I noticed an odd one today - my online available balance was c. €18 less than the nominal balance around noon. Later this evening I checked again and the nominal and available balances were the same and the c. €18 transaction was listed. It was a _Laser _point of sale transaction. I guess that when I first looked the transaction was not fully reflected but the amount paid had been "reserved". Is it normal to see such transactions partially reflected as above?


----------



## Satanta (17 Apr 2007)

Had the same issue with an AIB account (well, the GF did), ~€60 purchase of a train ticket by laser that we'd both forgotten about.

She queried it as she was phoning the 24hr banking on another matter and was told that the "balance" was the current balance as it stands, including any non processed transactions (not currently showing up in the transactions section). They commented that it was standard and happened on all accounts.


----------



## ClubMan (18 Apr 2007)

The only other time that I'd seen the "balance" and "available balance" differing was when chequest had been lodged that had not yet cleared. I didn't expect that you could have something similar for credits such as _Laser_ transactions not yet posted but which had "reserved" the money!? No big deal but I was just curious about the mechanics/details of how this worked...


----------



## Sue Ellen (18 Apr 2007)

I think I enquired on this some years back with possibly Visa ac with AIB. The answer I got was it was in the system and I think they might have used the expression "shaddowed" for the transaction. In other words the balance is showing up correctly but the transaction itself if just not appearing yet.


----------



## ClubMan (18 Apr 2007)

Thanks. I never noticed it before.
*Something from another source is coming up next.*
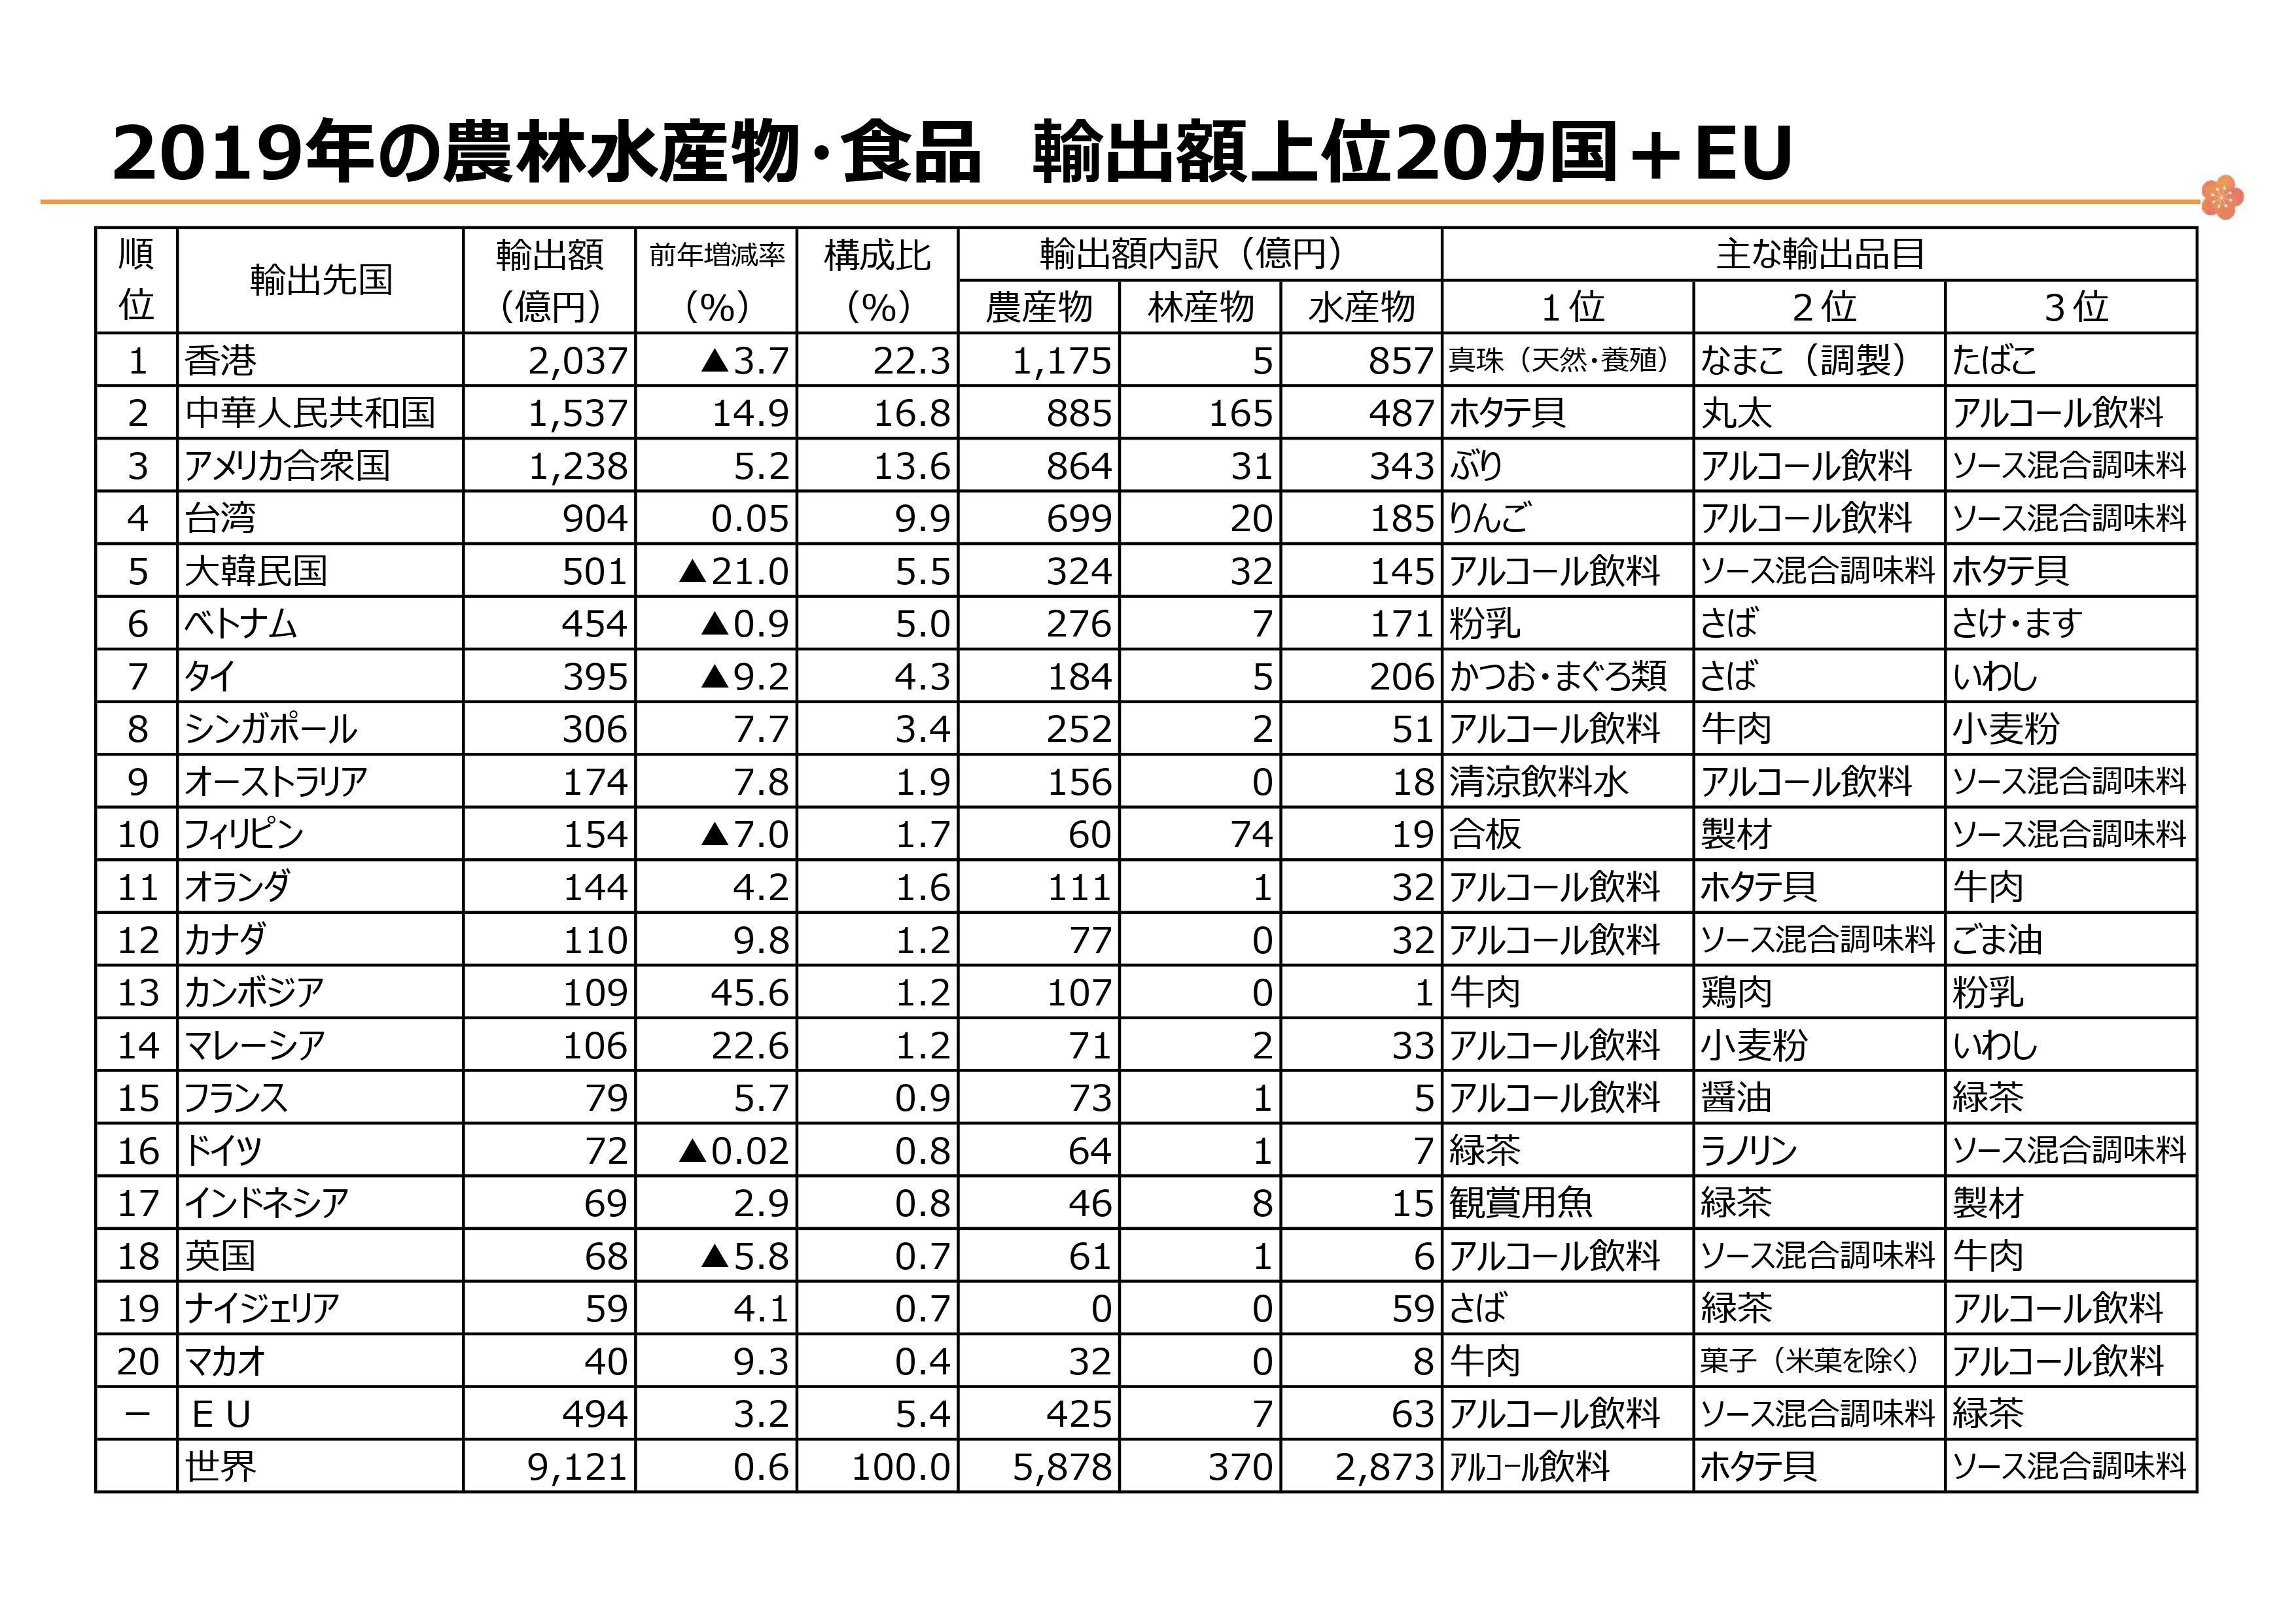 出展:農林水産省 www.maff.go.jp/j/shokusan/export/e_info/attach/pdf/zisseki-225.pdf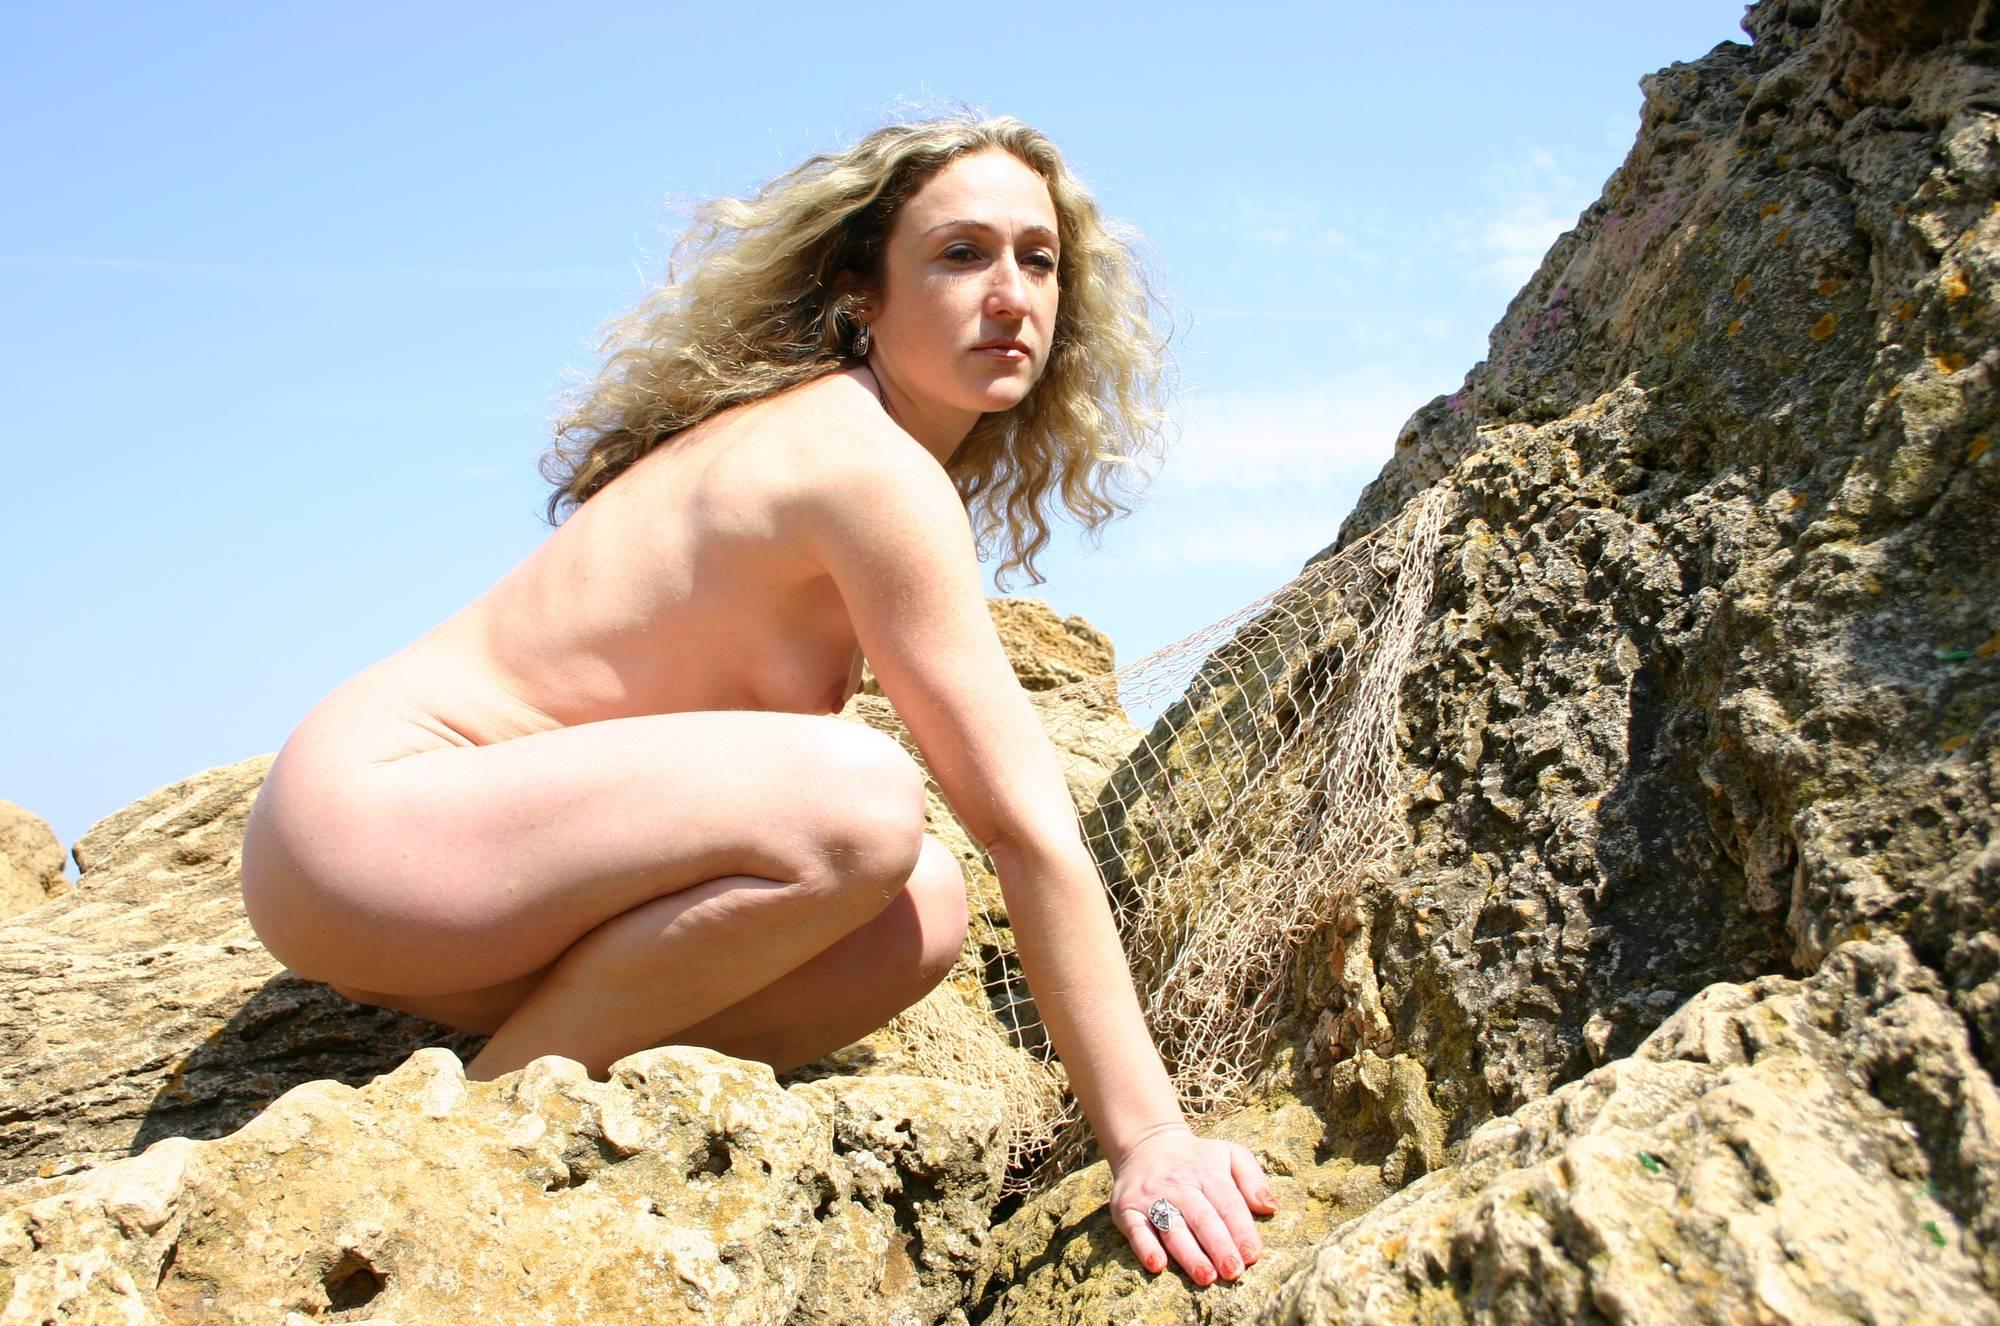 Purenudism Photos-Mother Nude Mountain Net - 2

I can come up with all sorts of logical _IT_ based explanations but it still surprised me from a purely administrative point of view.


----------



## Joe Nonety (18 Apr 2007)

A combination of the fact that the laser card gets used so much on my account and that PTSB are quite slow to process laser transactions and cheque lodgements means I can't ever remember seeing parity between "Account Balance" and "Available Balance".
I wonder which one they use for calculating interest.


----------